Free copy of your credit report here: https://www.annualcreditreport.com/
Don't bother paying for any extras -- they're pretty useless.
Get a UK AMEX card now -- it'll transfer. Spend no more than 20% of the limit every month, then pay in full -- interest not required for credit score.


----------



## Bevdeforges (Nov 16, 2007)

Just a note on filing the back taxes - she'll file as "married filing separately" and if she has no income in her own name, it's perfectly ok to declare "0" income and call it quits. She does not have to declare her "half" of jointly titled income (say, interest from savings accounts). And technically, she wasn't obligated to file a return if her income was less than the filing thresholds - but it's a good idea to file those back three years if you're going for a spouse visa, just to show that she is aware of the filing requirement.

She may have to file a Treasury declaration of foreign bank and investment accounts, but only if she has signature authority on non-US accounts totalling $10,000 at any point during the year. This would include any jointly held accounts.

Details on all of this are in IRS publication 54, which can be downloaded from the IRS website.
Cheers,
Bev


----------



## AllEars (Jan 17, 2010)

Thanks for the info, some answers to your questions..

Son only has a UK passport..will this be a problem?? Will i have to apply for him as well??

Never had any trouble with the police etc

will look in to the naturalising as a UK citizen just in case, sounds like a good backup..

Ref co-sponcor, thats a lot of money will have to check with the inlaws..will be selling the house here and should clear around £45,000 to go over with, if the inlaws dont have the correct funds will there be any problems?

Thansk Phil


----------



## Niall.Rice (Oct 26, 2009)

Bevdeforges said:


> Just a note on filing the back taxes - she'll file as "married filing separately" and if she has no income in her own name, it's perfectly ok to declare "0" income and call it quits. She does not have to declare her "half" of jointly titled income (say, interest from savings accounts). And technically, she wasn't obligated to file a return if her income was less than the filing thresholds - but it's a good idea to file those back three years if you're going for a spouse visa, just to show that she is aware of the filing requirement.
> 
> She may have to file a Treasury declaration of foreign bank and investment accounts, but only if she has signature authority on non-US accounts totalling $10,000 at any point during the year. This would include any jointly held accounts.
> 
> ...


Might be worth getting some advice.

There are plenty of immigration websites out there


----------



## Fatbrit (May 8, 2008)

AllEars said:


> Thanks for the info, some answers to your questions..
> 
> Son only has a UK passport..will this be a problem?? Will i have to apply for him as well??
> 
> ...


*Son*
For your wife to transmit US citizenship, she has to prove she lived at least five years in the United States before your son's birth, with a minimum of two of these five years in the United States after your wife's 14th birthday. Assuming yes, your son is already a USC. Apply for a consular record of birth, US passport and social security card at American Citizen Services at the embassy.

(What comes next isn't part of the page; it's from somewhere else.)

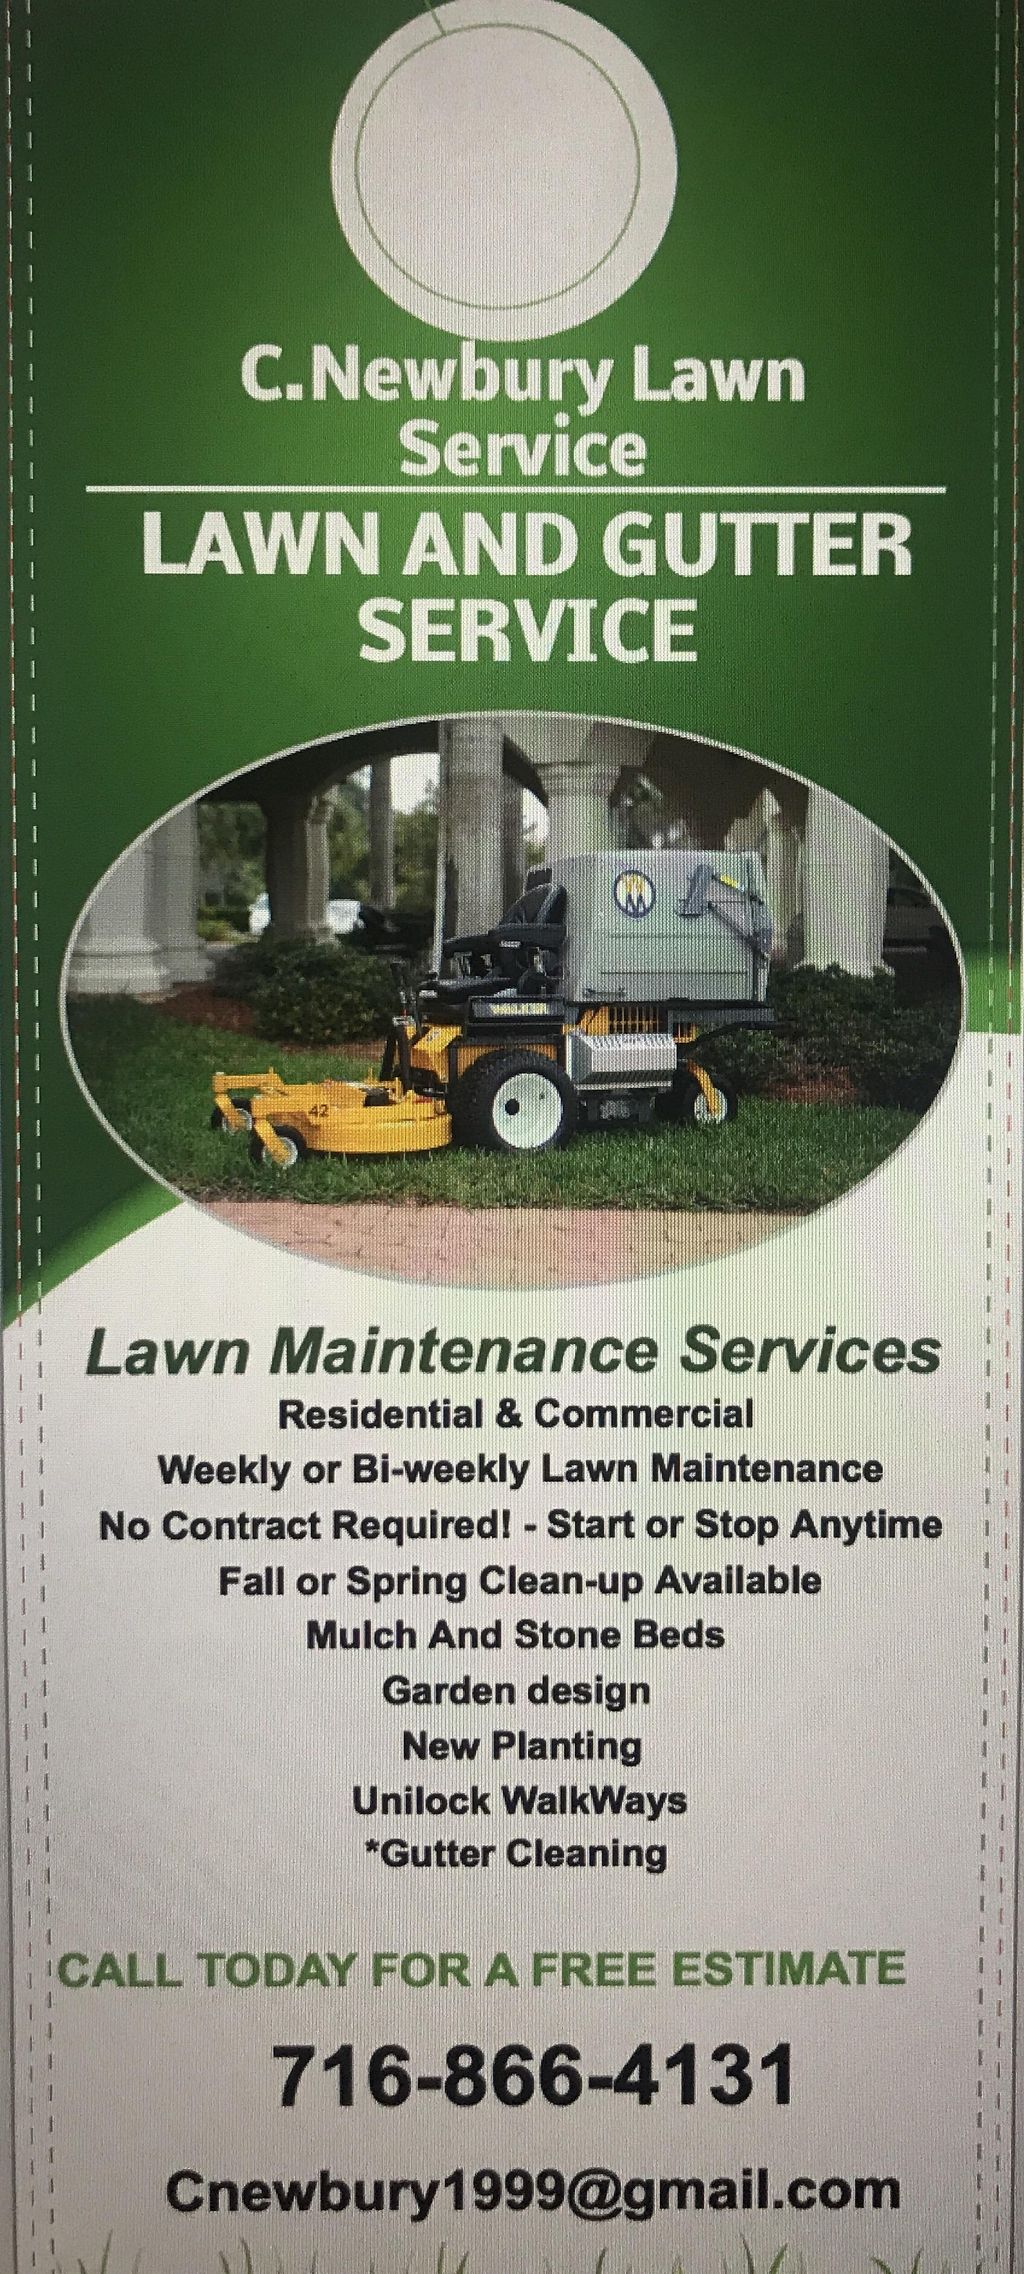 C&D Lawn service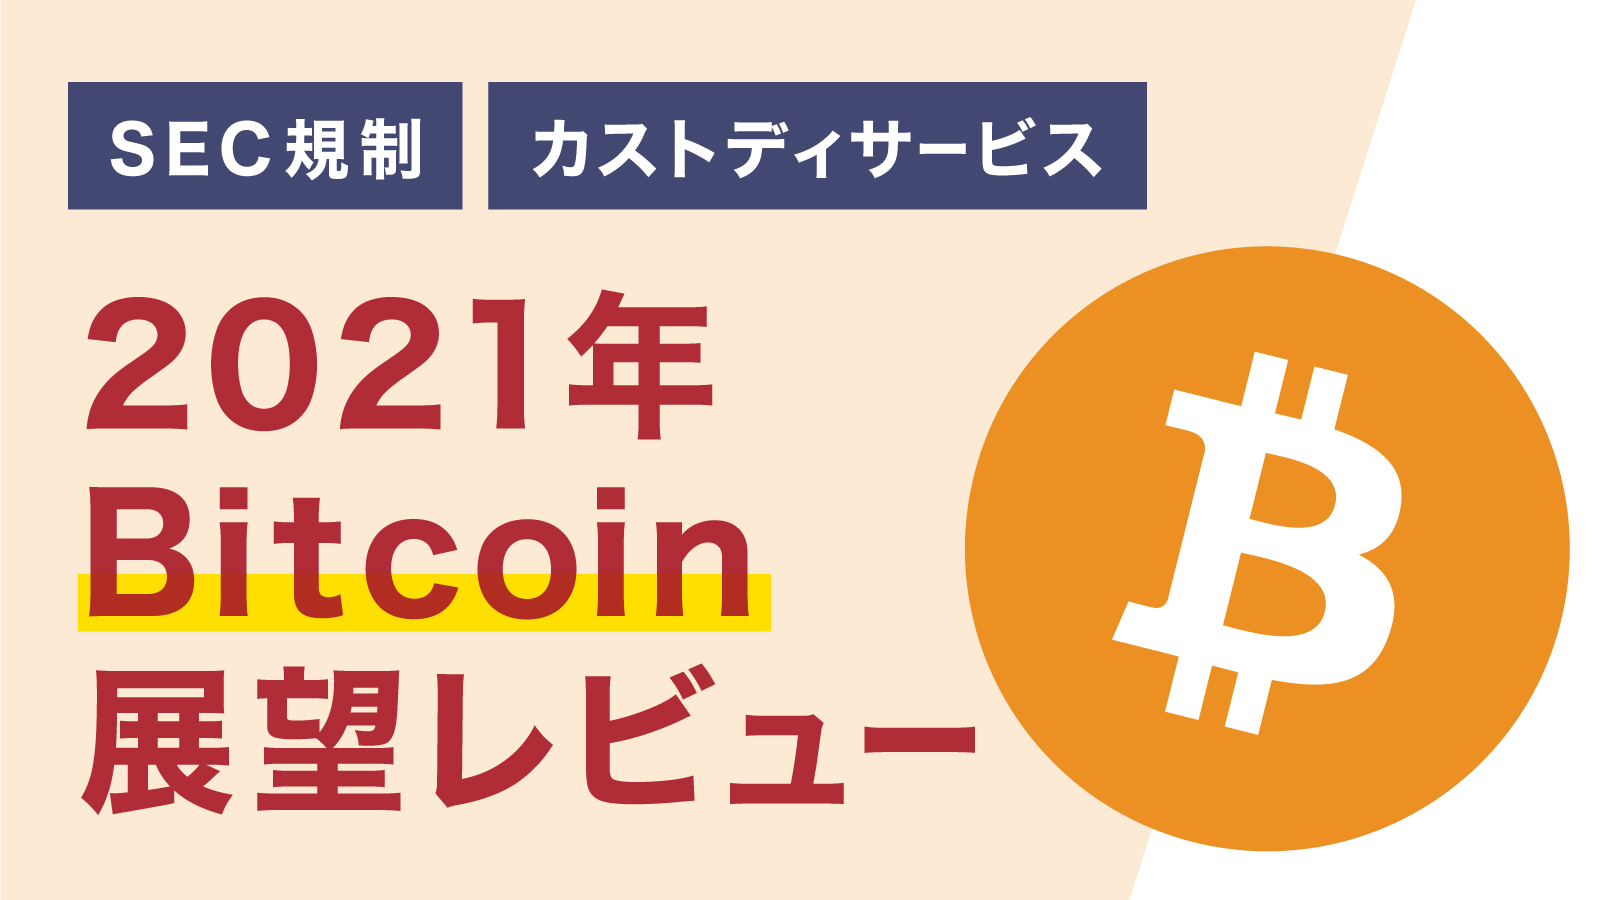 2021年 Bitcoin注目トピック

If your wife cannot transmit citizenship, then son needs to be on the immigrant visa ticket. By a strange quirk, on entry to the US with an immigrant visa he becomes an instant US citizen.

*Sponsor*
Reading what I wrote, I made a mistake and gave you the capital requirements. The capitals requirements are 3x, and the income requirements are just 1x of the 125% of federal poverty guidelines. So that should make it easier for you. Guidance here: Affidavit of Support Forms (I-864 series forms) - Frequently Asked Questions

*Wife's UK naturalisation*
US perspective: Dual Citizenship FAQ
UK perspective: a single paragraph written in your UK passport.
BTW, you will be able to naturalise as a USC three years after your arrival on an immigrant visa.


----------



## Fatbrit (May 8, 2008)

Niall.Rice said:


> Might be worth getting some advice.
> 
> There are plenty of immigration websites out there


This one's looking pretty straightforward at the moment.


----------



## AllEars (Jan 17, 2010)

how glad am i that i stumbled opon this site..

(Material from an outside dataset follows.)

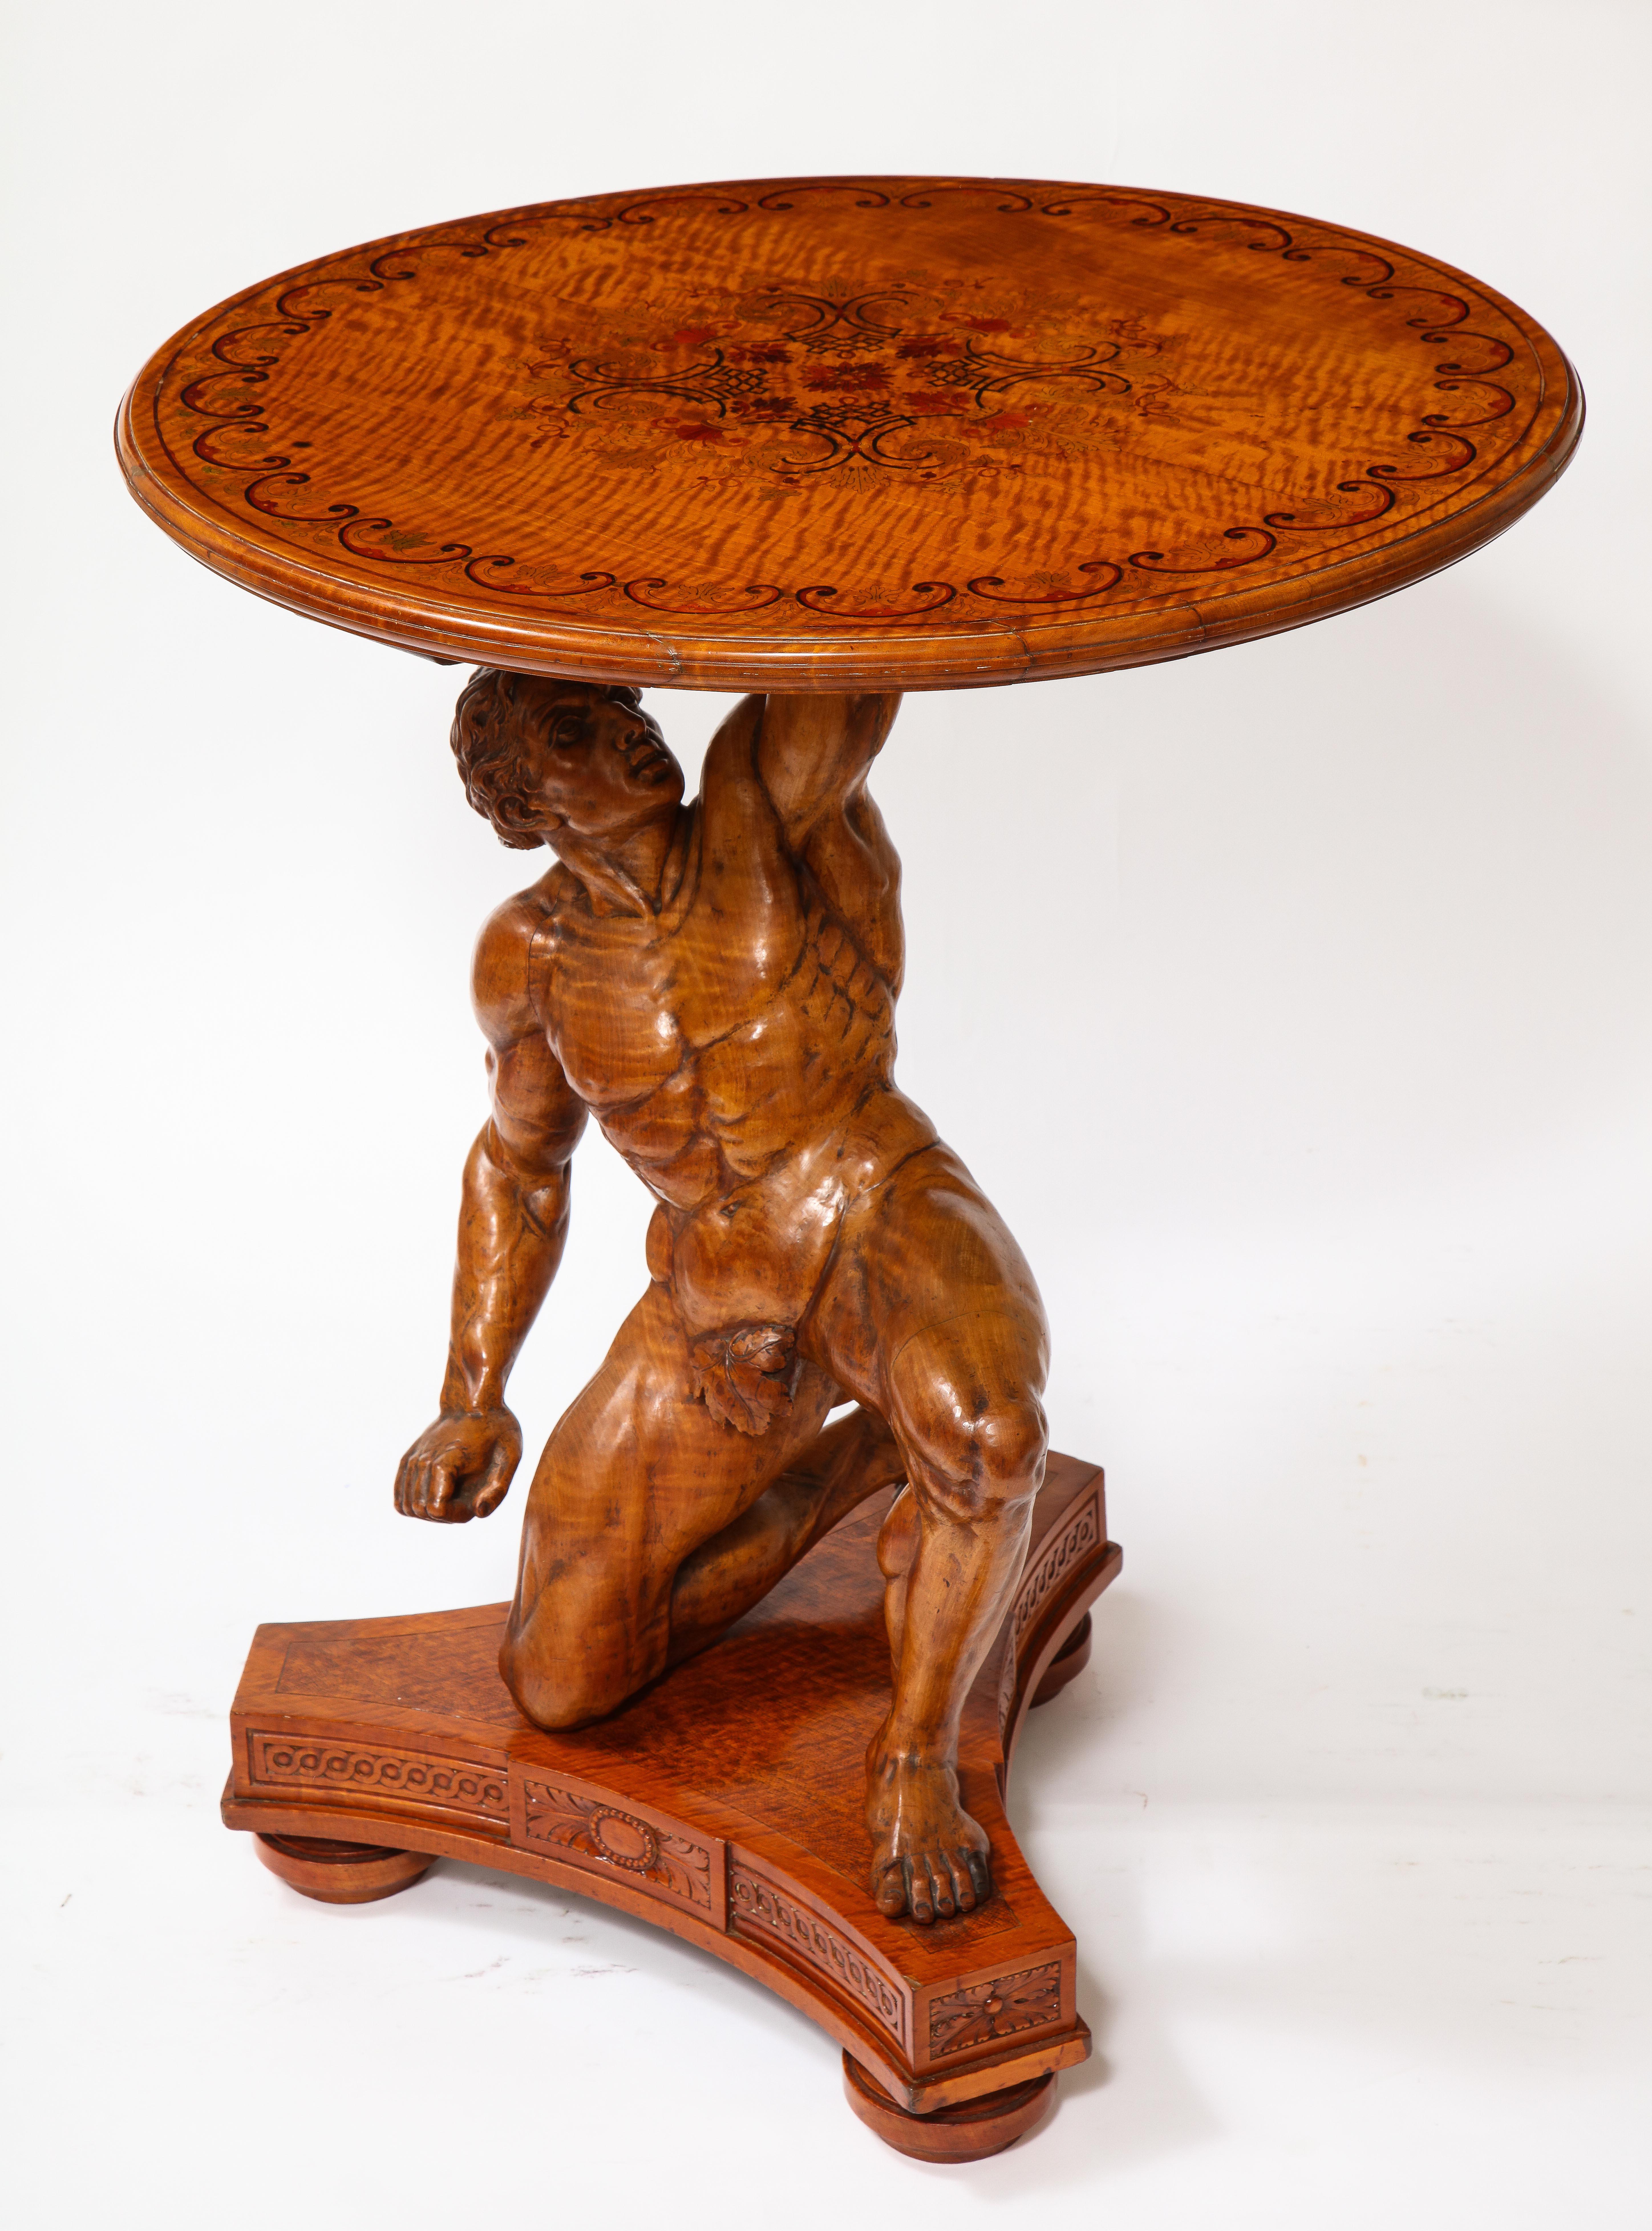 Une fabuleuse table d'atlas en bois sculpté à la main et en marqueterie du 19e siècle, signée J. Plucknett & Co. Warwick, Angleterre. La figure d'Atlas, magnifiquement sculptée à la main, est agenouillée sur une base triangulaire ornée de motifs en

Seems the little guys is going to be easy to sort.. thanks for the info, "just" a trip down to london..lol

Have been readng about this DIRECT CONSULAR FILING is this something we can do in the UK?? or is itjust as well doing it the normal route? Do i just send the forms in to London?

Sorry for all the questions

Thanks for your help

Phil


----------



## Fatbrit (May 8, 2008)

AllEars said:


> how glad am i that i stumbled opon this site..
> 
> Seems the little guys is going to be easy to sort.. thanks for the info, "just" a trip down to london..lol
> 
> ...


The "direct consular filing" is filing your I-130 directly with the Consulate rather than back in the US. This shaves around 3 months off the process. BTW, DCF is a term used on internet boards but NOT by the consulates.


----------



## AllEars (Jan 17, 2010)

thanks for that, i guess thats what will will be doing then as we both live here in the UK, thanks you for your advice its been priceless..im sure there will be more things pop up..Phil


----------



## Fatbrit (May 8, 2008)

AllEars said:


> thanks for that, i guess thats what will will be doing then as we both live here in the UK, thanks you for your advice its been priceless..im sure there will be more things pop up..Phil


Ask away.

One thing you should be looking at before it comes up is proving your wife's intent to re-establish US domicile. This often is required in such a situation as yours where the USC has moved away. Evidence such as looking for a place to live, bank accounts set up, job searches, etc are sometimes needed to overcome this hurdle.


----------